Loratadina stada 10 mg comprimidos recubiertos con pelicula efg
Introduction
Package Leaflet: Information for the user
LORATADINE STADA 10 mg film-coated tablets EFG
Read this leaflet carefully before you start taking this medicine, because it contains important information for you.
- Keep this leaflet, as you may need to read it again.
- If you have any questions, ask your doctor or pharmacist.
- This medicine has been prescribed for you only. Do not give it to others, even if they have the same symptoms as you, as it may harm them.
- If you experience any side effects, consult your doctor or pharmacist, even if they are not listed in this leaflet. See section 4.
1. What is Loratadina STADA and what is it used for
Loratadina STADA belongs to a class of medications known as antihistamines.
Loratadina STADA relieves symptoms associated with allergic rhinitis (such as sneezing, runny or itchy nose and eye itching or burning).
Loratadina STADA may also be used to help relieve symptoms of urticaria (such as itching, redness and the number and size of skin hives).
2. What you need to know before starting to take Loratadina STADA
Do not take Loratadina STADA:
- If you are allergic to loratadine or to any of the other ingredients of this medication (listed in section 6).
Warnings and precautions
Consult your doctor or pharmacist before starting to take Loratadina STADA.
- If you have severe liver disease (see section 3, “How to take Loratadina STADA”).
- If you are to undergo any type of skin test for allergy. Do not take Loratadina STADA during the 2 days prior to the performance of these tests, as this medication may alter the results of the same.
Use ofLoratadina STADA withother medications
Inform your doctor or pharmacist if you are taking, have taken recently or may need to take any other medication.
No interactions of Loratadina STADA with other medications are known.
Taking Loratadina STADA with food and drinks
Loratadina STADA can be taken with or without food.
Pregnancy and breastfeeding
If you are pregnant or breastfeeding, or think you may be pregnant, consult your doctor or pharmacist before using this medication.
It is not recommended that you take Loratadina STADA if you are pregnant or breastfeeding.
Driving and operating machinery
At normal doses, Loratadina STADA does not affect your ability to drive or operate machinery.
If you experience drowsiness, do not drive or operate machinery, however, try not to perform tasks that require special attention until you know how you tolerate the medication.
Loratadina STADA contains lactose
This medication contains lactose. If your doctor has told you that you have a certain sugar intolerance, consult with him before taking this medication.
3. How to Take Loratadina STADA
Follow exactly the administration instructions for this medication as indicated by your doctor or pharmacist. In case of doubt, consult your doctor or pharmacist again.
Remember to take your medication.
Your doctor will inform you of the duration of your treatment with Loratadina STADA. Do not discontinue treatment prematurely.

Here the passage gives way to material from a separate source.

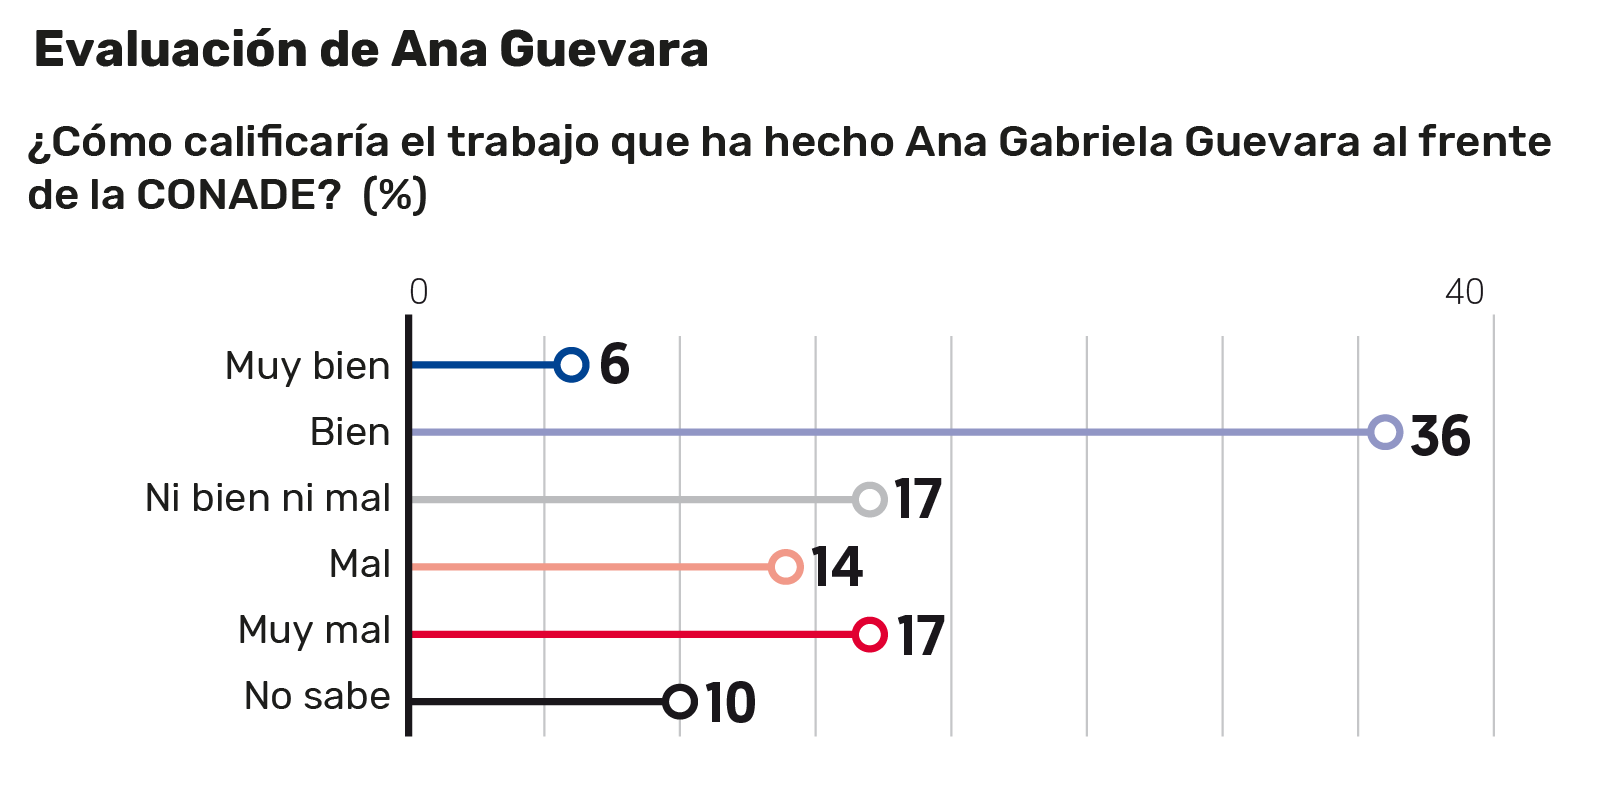 Ana Guevara, titular de Conade, recibe buena calificación

Adults and children over 2 years of age with a weight of more than 30 kg:
Take one tablet (10 mg) once a day.
Patients with severe liver problems with a weight of more than 30 kg:
Take one tablet (10 mg) once a day and on alternate days.
Loratadina STADA 10 mg tablets are not suitable for:
- administration of doses less than 10 mg.
- administration in patients with a weight of less than 30 kg.
- patients who have difficulty swallowing.
Loratadina STADA is not recommended for children under 2 years of age.
If you take more Loratadina STADA than you should
If you have taken more Loratadina STADA than you should, consult your doctor or pharmacist immediately.
In case of overdose or accidental ingestion, consult your doctor or pharmacist immediately or call the Toxicological Information Service, phone 91 562 04 20, indicating the medication and the amount ingested.
If you forgot to take Loratadina STADA
If you forgot to take your dose on time, take it as soon as possible, and then return to your usual dosing schedule.
Do not take a double dose to compensate for missed doses.
If you have any other questions about the use of this medication, ask your doctor or pharmacist.
4. Possible Adverse Effects
Like all medications, this medication may produce adverse effects, although not all people experience them.
The most frequently reported adverse effects (less than 1 in every 10 patients but more than 1 in every 100 patients) include drowsiness, headache, nervousness, fatigue, increased appetite, and difficulty sleeping.
The very rare adverse effects (less than 1 in every 10,000 patients) have been reported cases of severe allergic reaction, dizziness, irregular or rapid heartbeats, nausea (urge to vomit), dry mouth, stomach upset, liver problems, hair loss, skin rash, fatigue, and seizures.
Unknown frequency (frequency cannot be estimated from available data):
Weight gain
Reporting Adverse Effects
If you experience any type of adverse effect, consult your doctor or pharmacist, even if it is possible adverse effects that do not appear in this prospectus. You can also report them through the Spanish System of Pharmacovigilance of Medicines for Human Use: https://www.notificaram.es. By reporting adverse effects, you can contribute to providing more information about the safety of this medication.
5. Conservation of Loratadina STADA
Keep out of the sight and reach of children.
No special storage conditions are required.
Do not use Loratadina STADA after the expiration date appearing on the packaging, after CAD. The expiration date is the last day of the month indicated.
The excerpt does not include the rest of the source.